Some employees try to go around the return-to-work procedure and contact the HR department or management to tell them that they are now fine and wish to return to work. There is no proof they have attended any treatment, no re-assessment, no due diligence and no follow-up recommendation. The employee just “feels” they are ready. Unfortunately it is commonplace for doctors or employers to take the person at their word. We allow them to tell us what they need to get better, when obviously they have not been able to fix themselves up to this point. This is especially amplified when people surrounding an addict have bent over backwards to give assistance and have believed that the addict will change just because they said they would.

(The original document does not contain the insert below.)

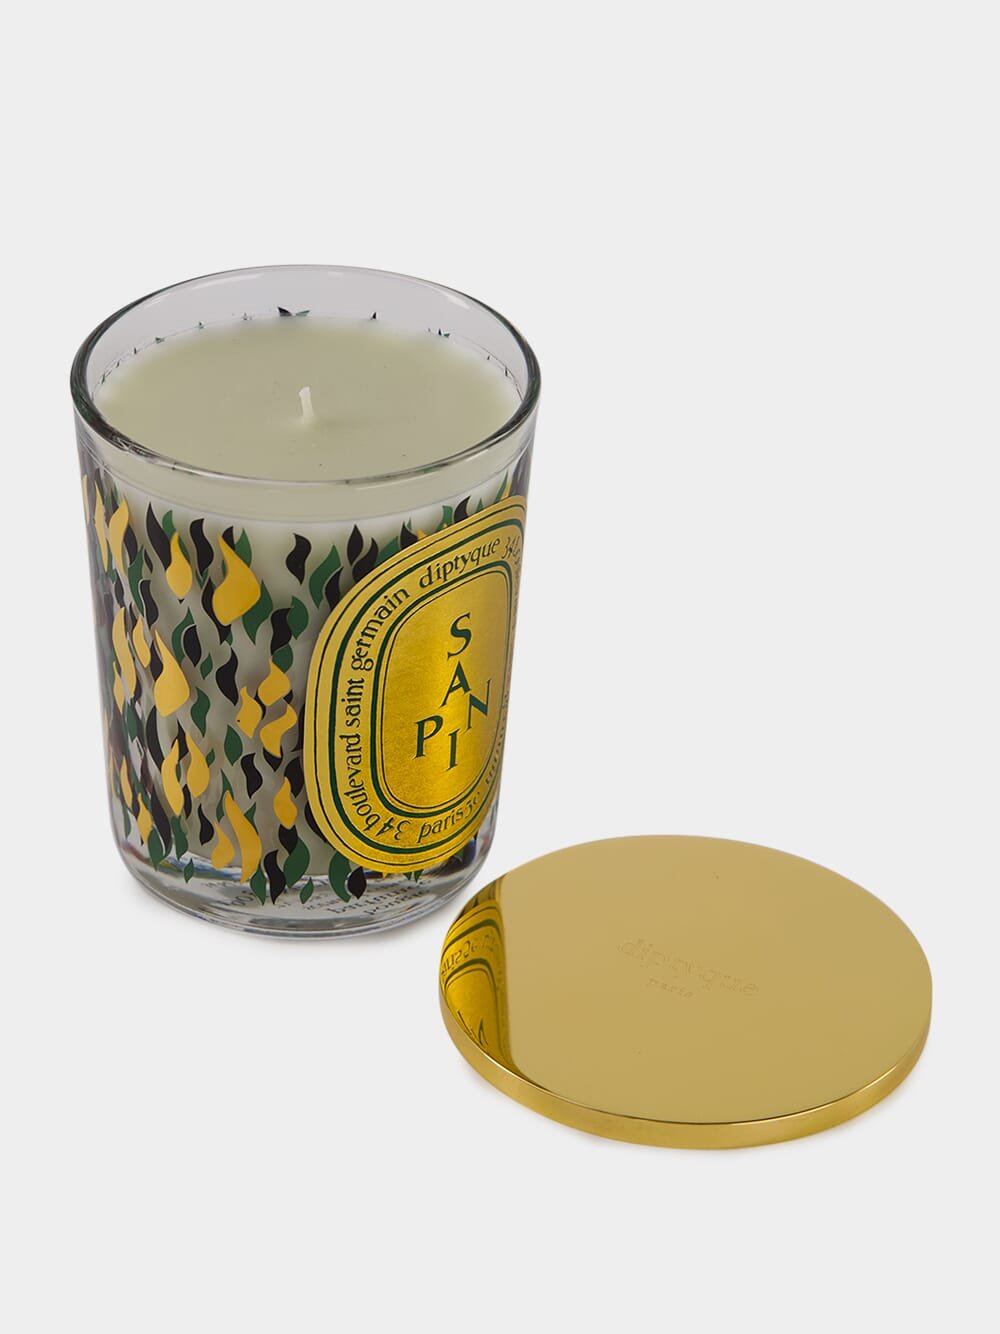 DiptyqueSapin Classic Candle 190g at Fashion Clinic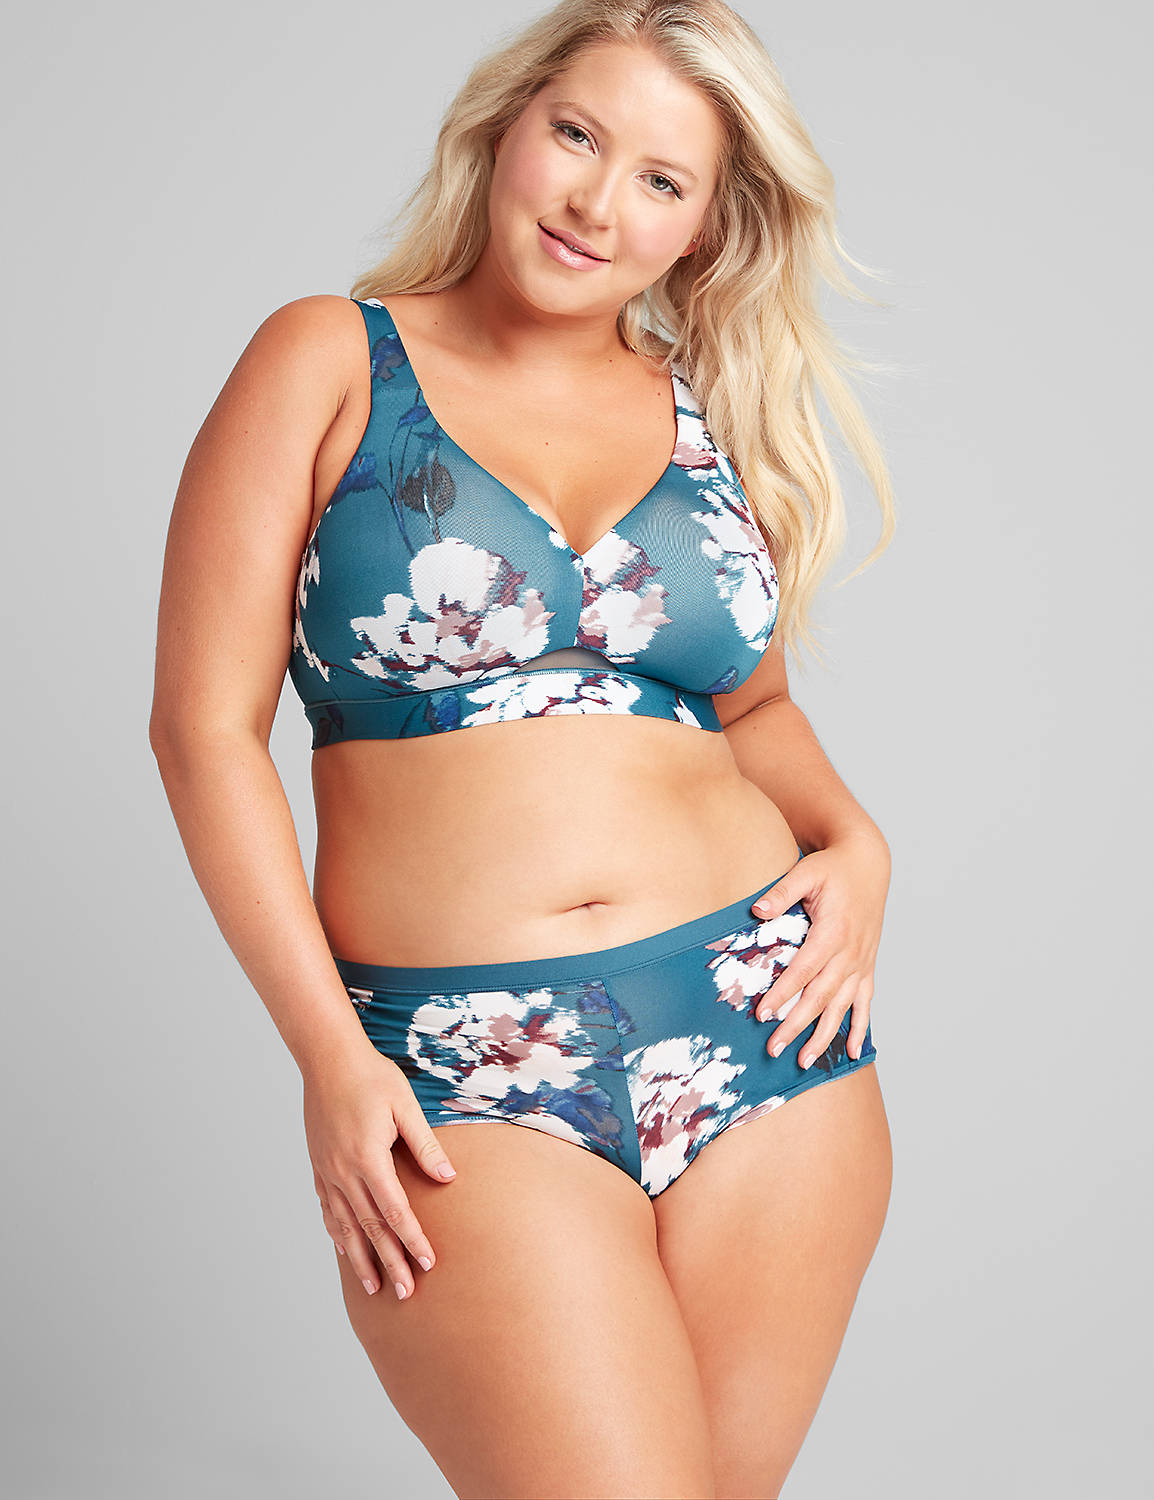 Smooth Modern No Wire - Darted 1115678 T:Dusk Floral_Reduced_Legion Blue_CF20205:38F Product Image 1

If an addict’s old behaviour — whining, complaining, displaying anger, bullying — has worked for them in the past, they may try to use that behaviour to expedite their return to work. Those that have been enabled in their addiction wonder why it should be any different now. I have seen situations where the employee starts complaining to anyone who will listen and manages to get supervisors or union representatives worked up to the point where they try to speed up the employee’s return to the workplace.

Ultimately, my goal in a return-to-work interview is to determine whether the employee has changed to such an extent that is it reasonable to believe they will not pose a hazard in the workplace due to substances. Some people are able to demonstrate this very well, others not so much. What the employer or workplace needs is documentation from the SAP so they can satisfy due diligence and proceed on the most reasonable course.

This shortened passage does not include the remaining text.